Ancak Daubigny, kendisinden önceki birçok ressam gibi manzaraları romantikleştirici bir şekilde tasvir etmek istemediği için kendi yaklaşımını arıyor. Öznel olan bırakılmalıdır. Doğanın saf görüntüsünü, makyajsız ve anında arıyor. Bu farklı tavrına rağmen, benzer düşünen insanlardan oluşan bir tür resim topluluğu olan 'Barbizon Okulu'na katılır ve burada ressam Jules Dupré ve Theodore Rousseau ile tanışır, ancak yine de romantik bakış açısına sahiptir. Resim camiasının bakış açısıyla ilgili yeni olan şey, açık havada tuval üzerine eskiz yapabilmeleri ve stüdyoda bitirebilmeleridir. Bu romantize edici üslubu yoğunlaştırmamak adına, konularına kendisi için en dikkat çekmeyen ve göze çarpmayan motifleri seçer. Onları esas olarak Paris bölgesinde bulur. Resimleri arasında, gerçekten olağanüstü bir manzara olan, ancak yeni bir şeyle etkileyen “Seine ve Oise'nin birleştiği” gibi konular var. Daubigny'nin fotoğraflarına yansıyan ışık, netlik ve ustaca sadeliktir.

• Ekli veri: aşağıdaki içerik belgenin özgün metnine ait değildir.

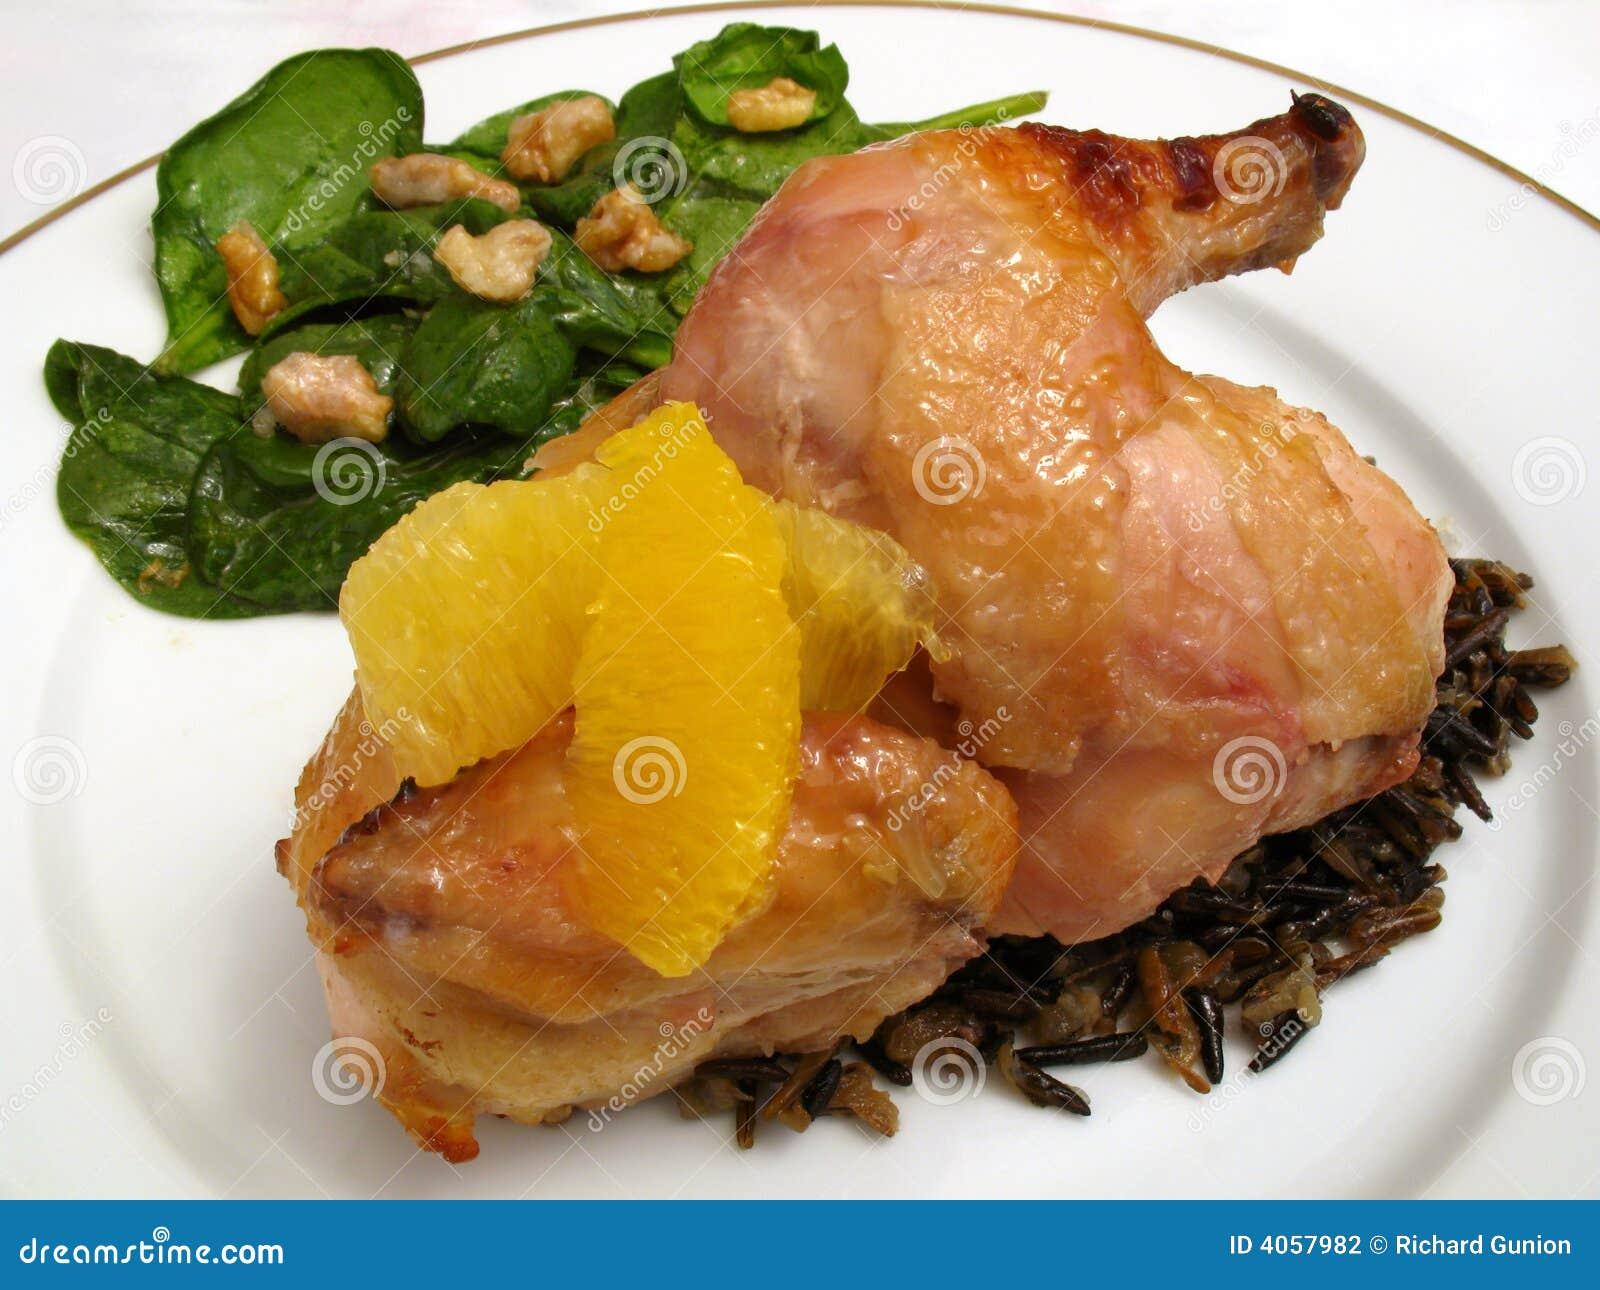 Glazed Cornish Game Hen

Resimleri, ışığı tüm güzelliği ve doğallığıyla, bahar veya çeşitli güneş ve ay doğuş resimlerinde yeniden üretir. Parlak yaz ışığını, sonbaharda üzüm hasadı veya kışın ışıktan farklı olarak alacakaranlıktan farklı bir ruh hali ile yakalar. Resimleri genellikle yapılandırılmıştır, üçte biri manzara ve manzara ön plandadır ve üçte ikisi cömertçe gökyüzüne ve en çeşitli ışıktaki odaya adanmıştır. Daubigny daha sonra Fransız Kanalı kıyılarına, Normandiya, Burgonya ve Akdeniz kıyılarına giderek farklı ışık ve renk fenomenleri bulmaya devam ediyor. Daubigny'nin ustalıkla başardığı, doğanın basit yöntemlerle gerçek yeniden üretimi, işte özeti budur. Resimleri, Claude Monet ve Paul Cézanne gibi kendisinden sonra çalışan ressamların yanı sıra Fransız izlenimcilerin çoğunu etkiledi.